The soft spot is that the abstract asserts both descriptive evidence and regression results confirm the mitigation, yet supplies none of the numbers, baselines, or validation details. The stress-test concern about ecological bias is on point: if response elasticities vary with the spend patterns used for clustering, aggregation can produce composite effects rather than the disaggregated ones. Without simulations that recover known heterogeneous parameters or conditions under which bias is zero, the central claim rests on an unshown demonstration.

This is for analysts working on marketing mix models with correlated channels and geo data who need a concrete preprocessing step. A reader already familiar with MMM might pick up the clustering trick and test it themselves.
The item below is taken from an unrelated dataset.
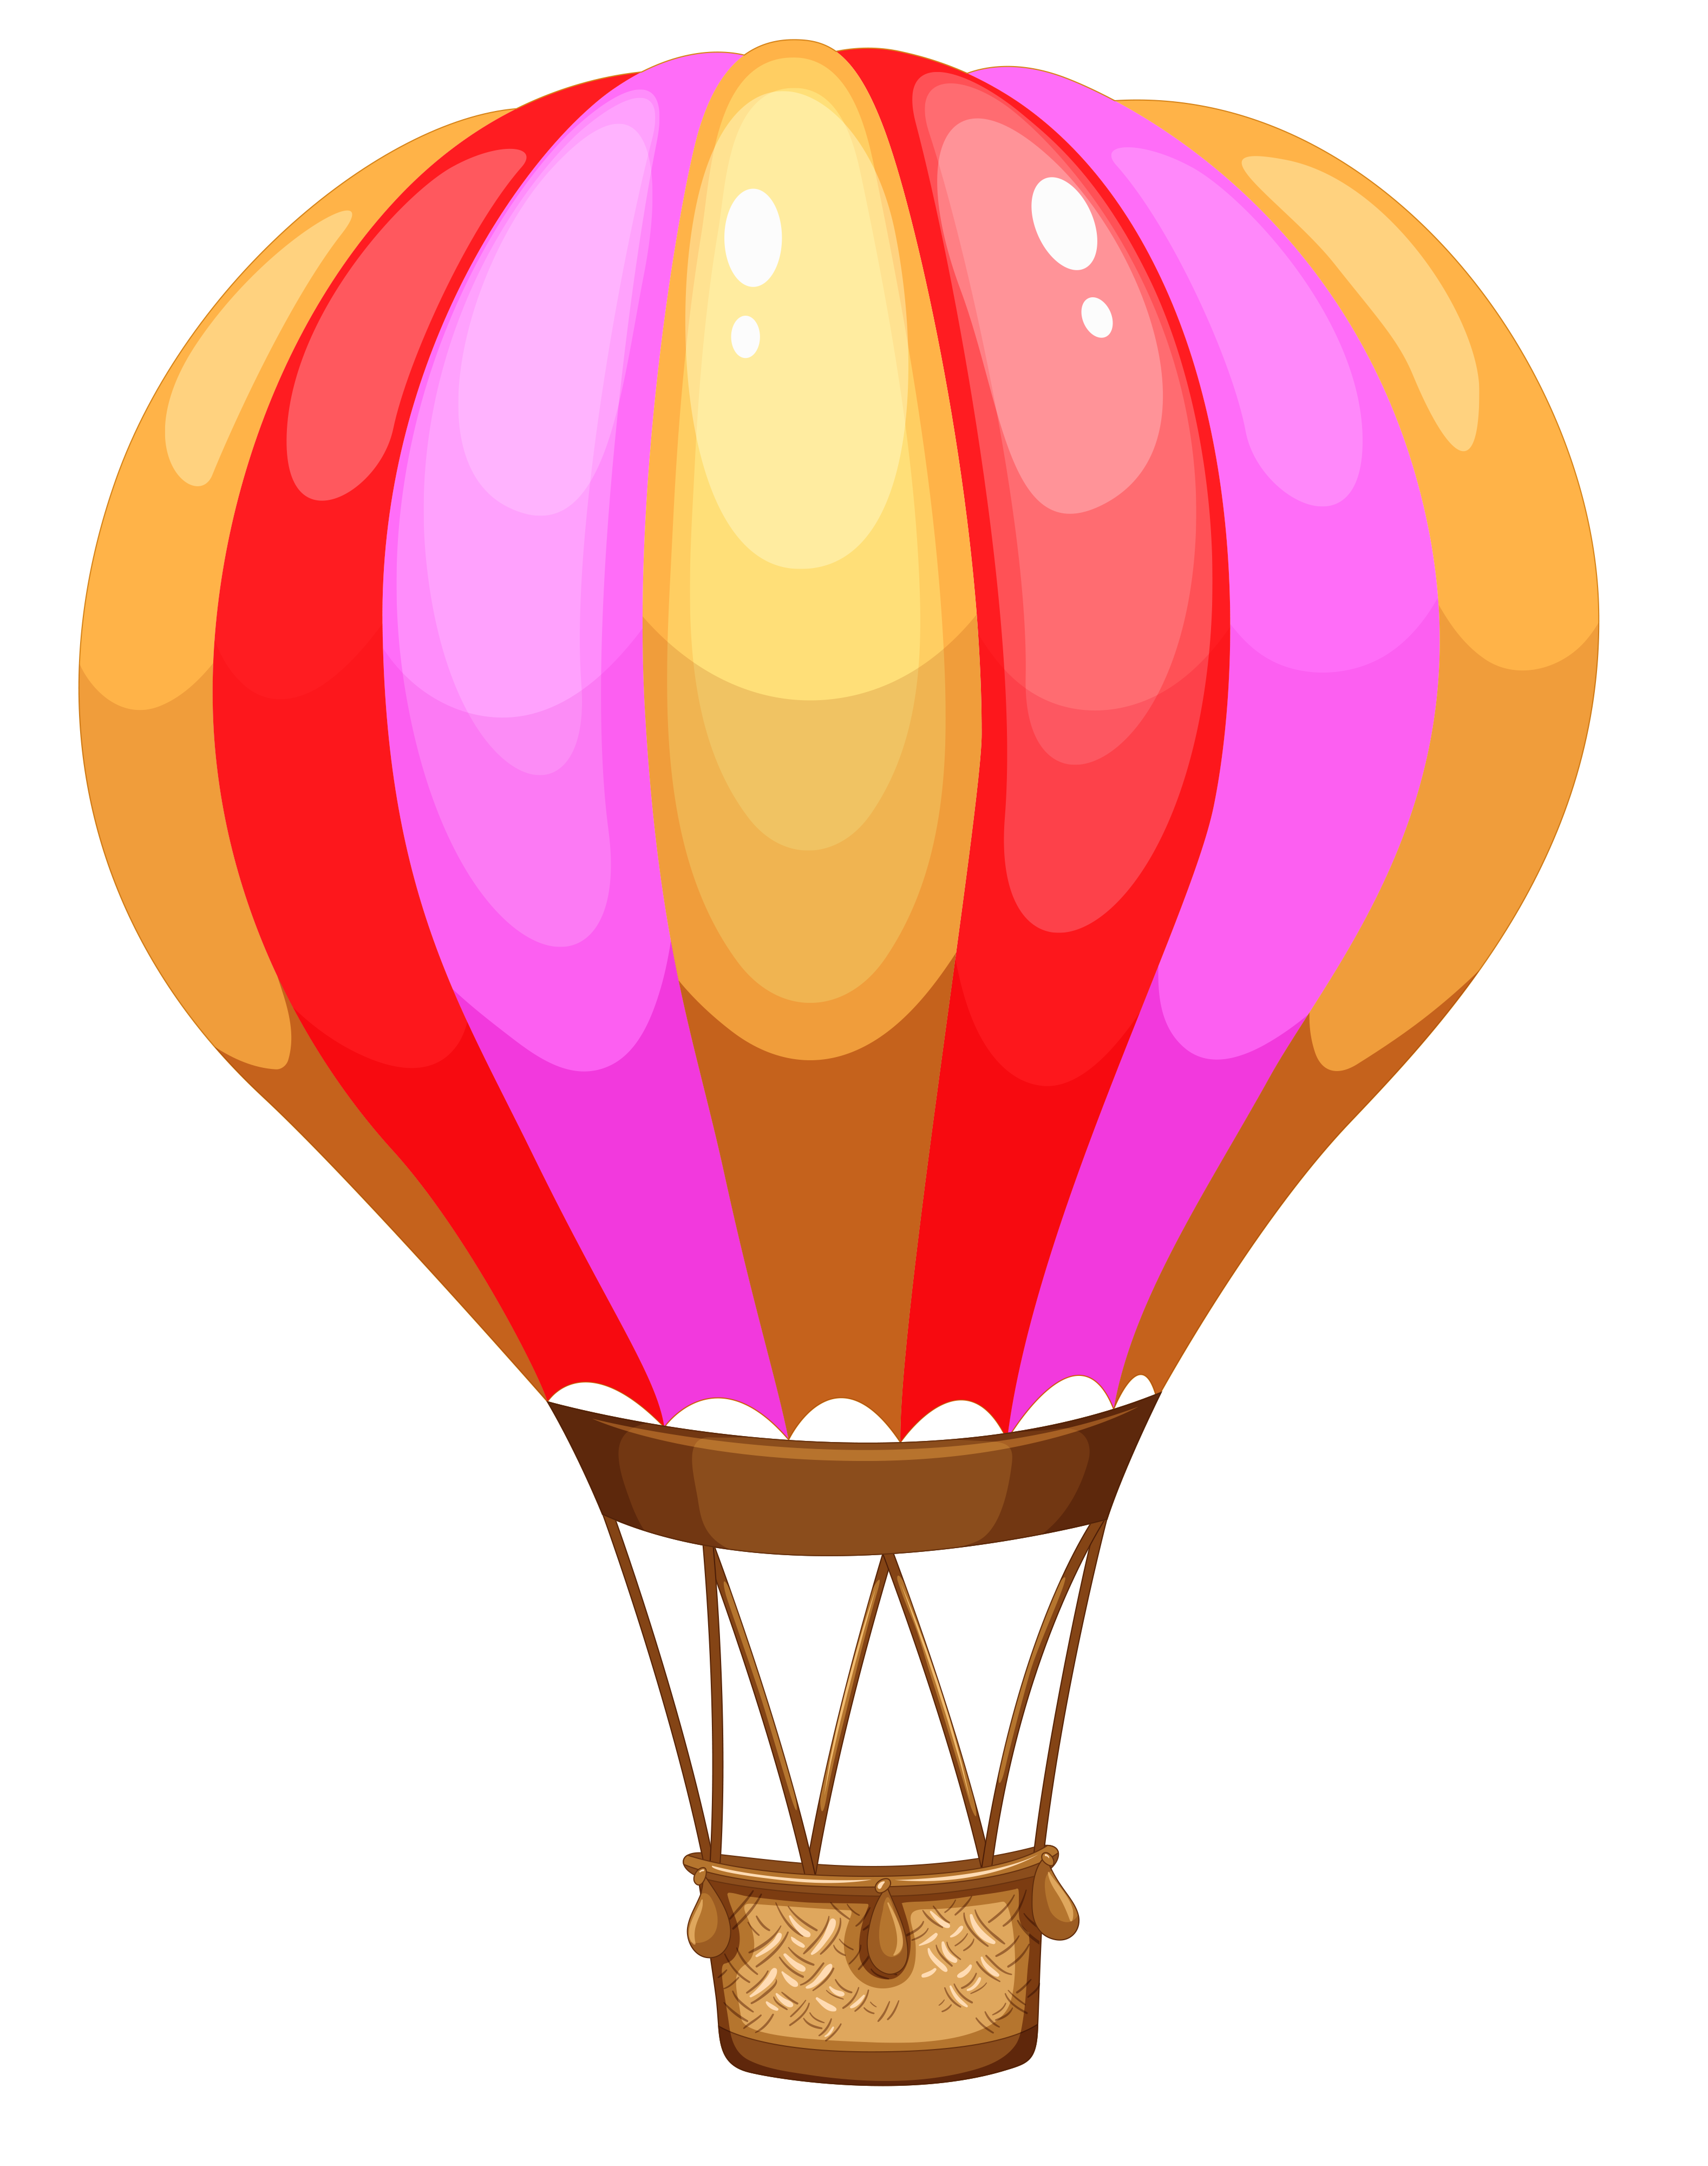 Pin By Eme Parola On Balon Hot Air Balloon Drawing Balloons Clip Art

I would send it to peer review if the full paper adds quantitative comparisons and bias checks; the idea is straightforward enough to be worth referee time once the empirical support is filled in.

Referee Report

2 major / 1 minor

Summary. The paper claims that hierarchical clustering of geographic units, performed after normalizing and demeaning geo-level marketing spend data and using pairwise correlations as distance, reduces multicollinearity sufficiently to allow separate identification of individual advertising channel effects when a Bayesian Marketing Mix Model is estimated at the resulting cluster level. It asserts that both descriptive evidence and regression analysis confirm the mitigation and improved identification, positioning the method as a general solution for multicollinearity in observational causal inference that preserves interpretability of the original variables.
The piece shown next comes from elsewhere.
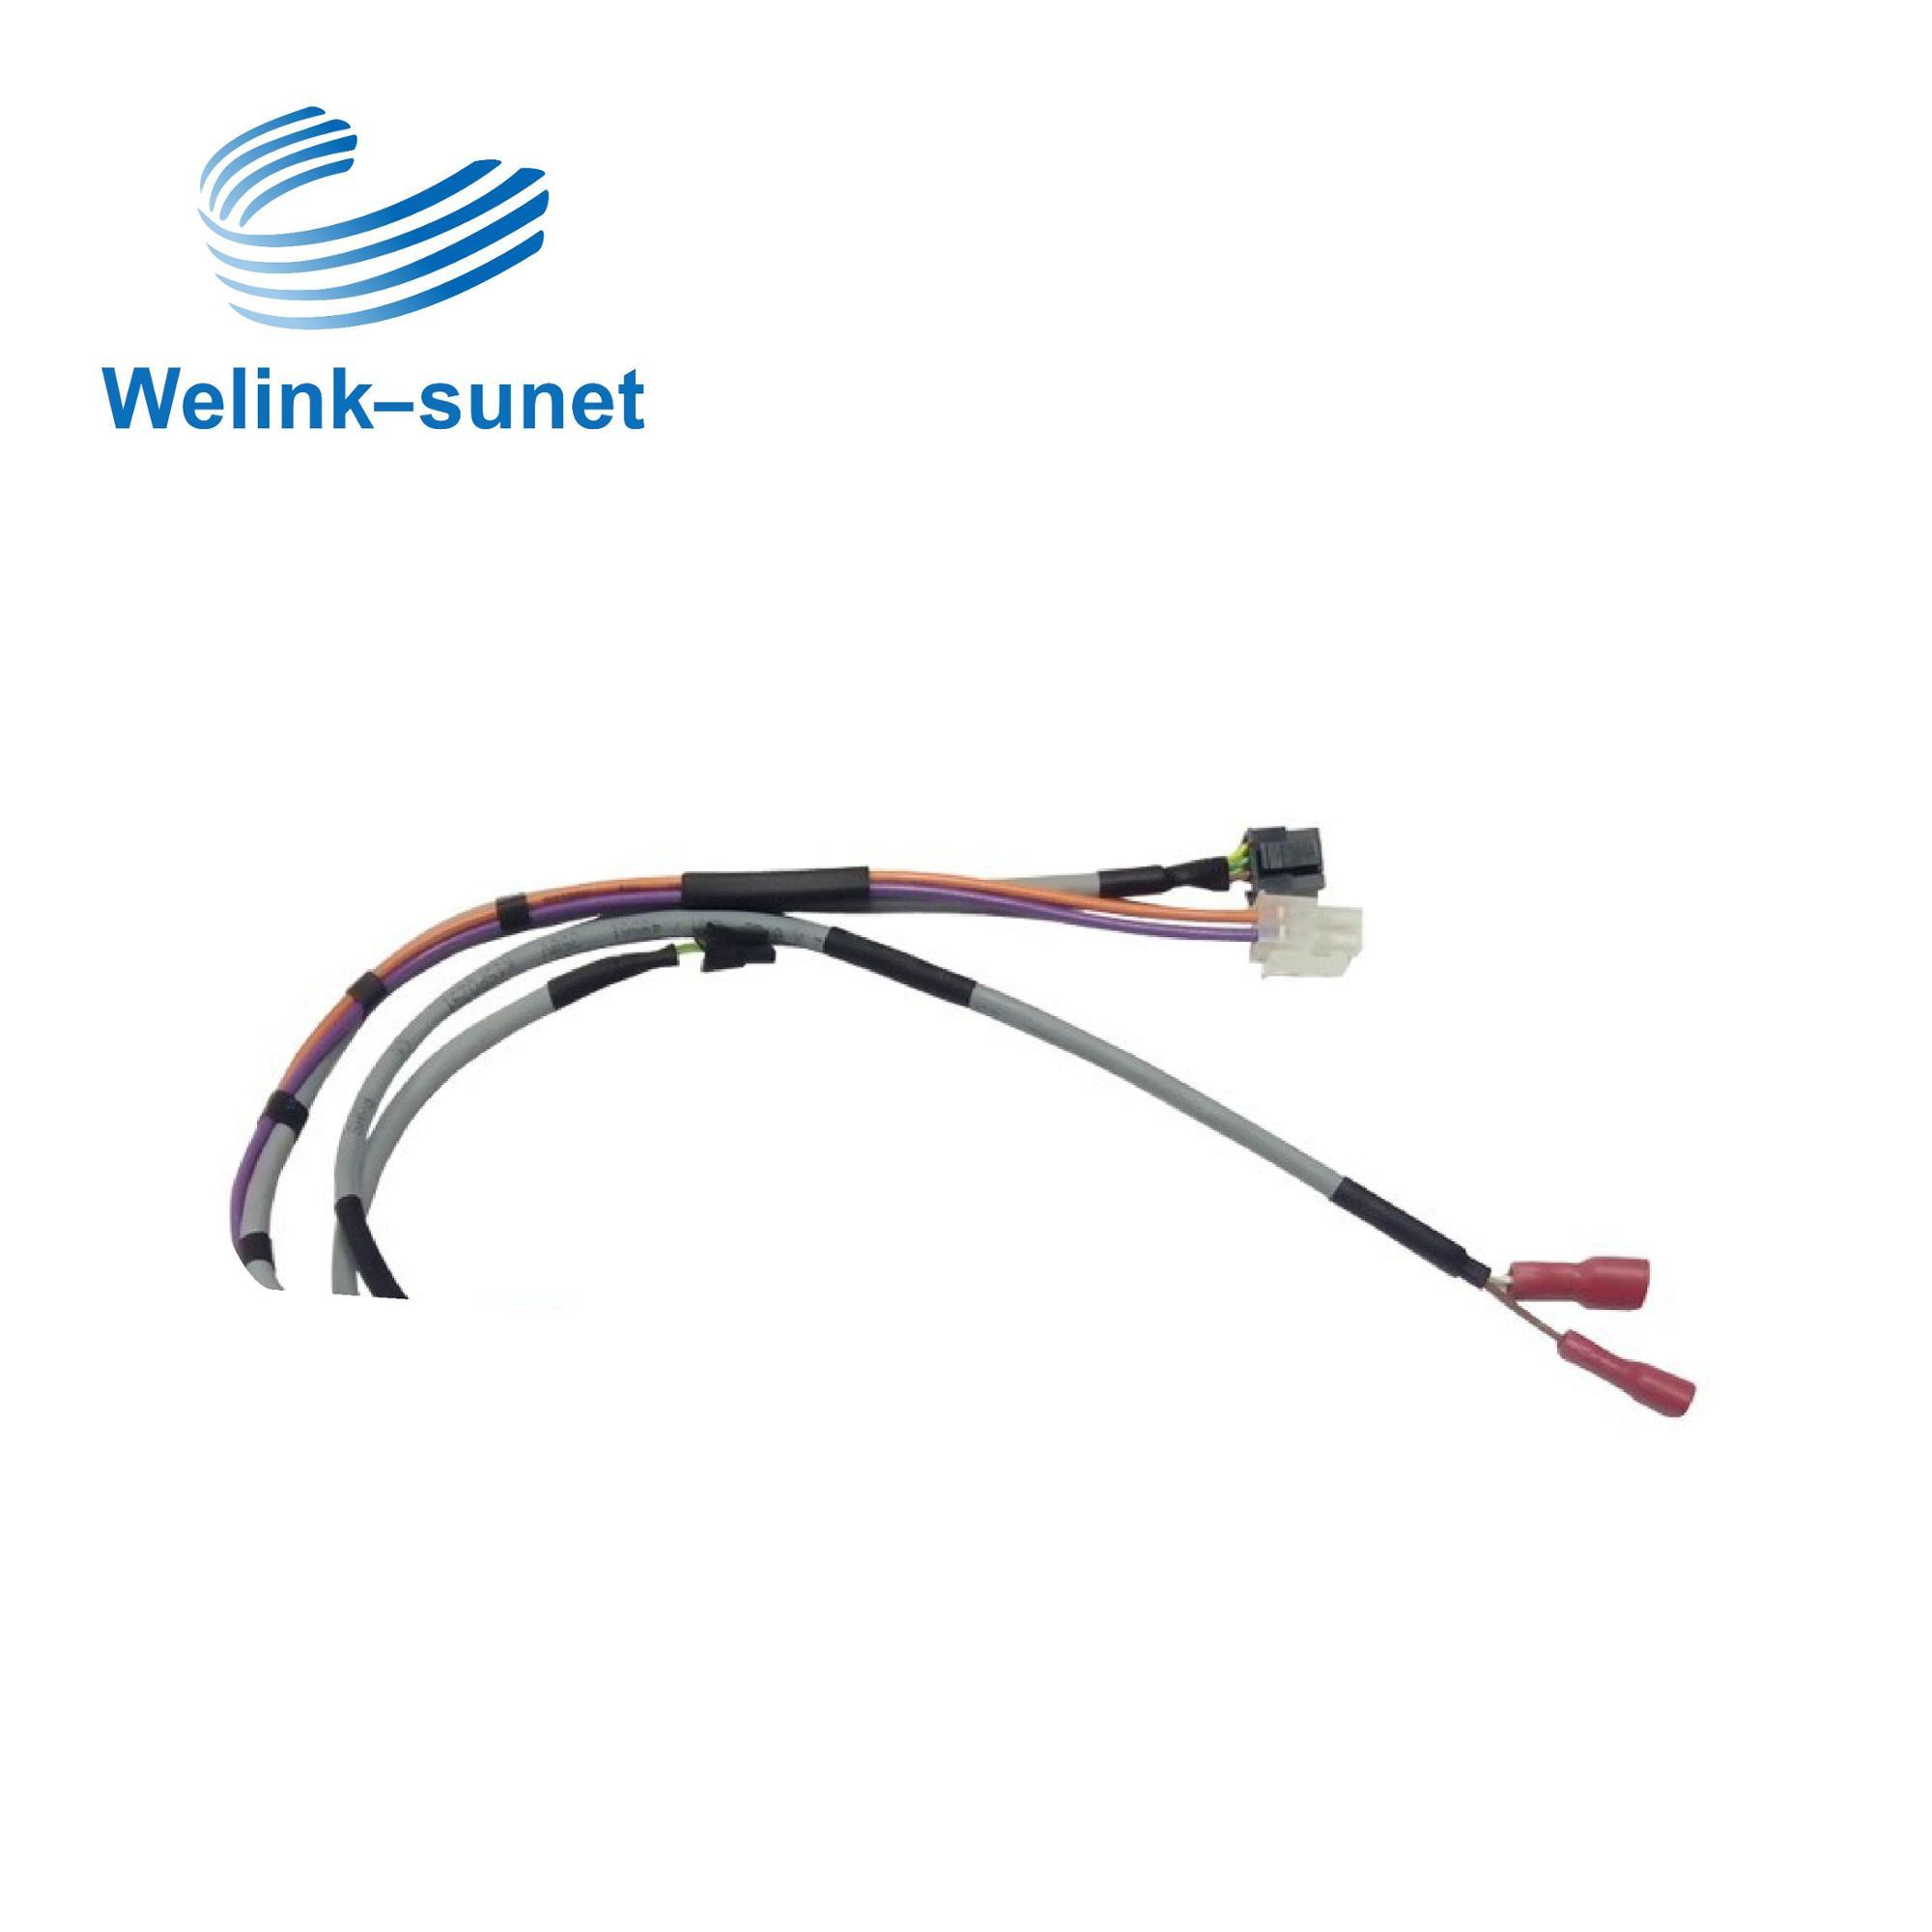 Molex Mic Fit 24p Add Super Flexible Cable The Machine

Significance. If the central claim holds after proper validation, the approach would supply a practical, interpretable preprocessing step for causal regression problems featuring correlated regressors, particularly in marketing-mix and similar applied settings where shrinkage or principal-component methods are undesirable because they obscure the original causal parameters.

major comments (2)

[Abstract] Abstract: the assertion that 'both descriptive evidence and regression analysis affirm' mitigation of collinearity supplies no quantitative metrics, error bars, baseline comparisons, or cluster-validation statistics, leaving the central empirical claim without measurable support.
[Abstract] Abstract: the method implicitly assumes that clustering on observed spend correlations (after demeaning) and subsequent aggregation will recover channel-specific causal effects without ecological bias; no simulation recovering known heterogeneous parameters or formal condition guaranteeing zero aggregation bias is provided, which is load-bearing for the identification claim.

minor comments (1)

[Abstract] Abstract: the phrase 'moderate to strong correlation' is used to define the clustering threshold but is never quantified, leaving the procedure incompletely specified.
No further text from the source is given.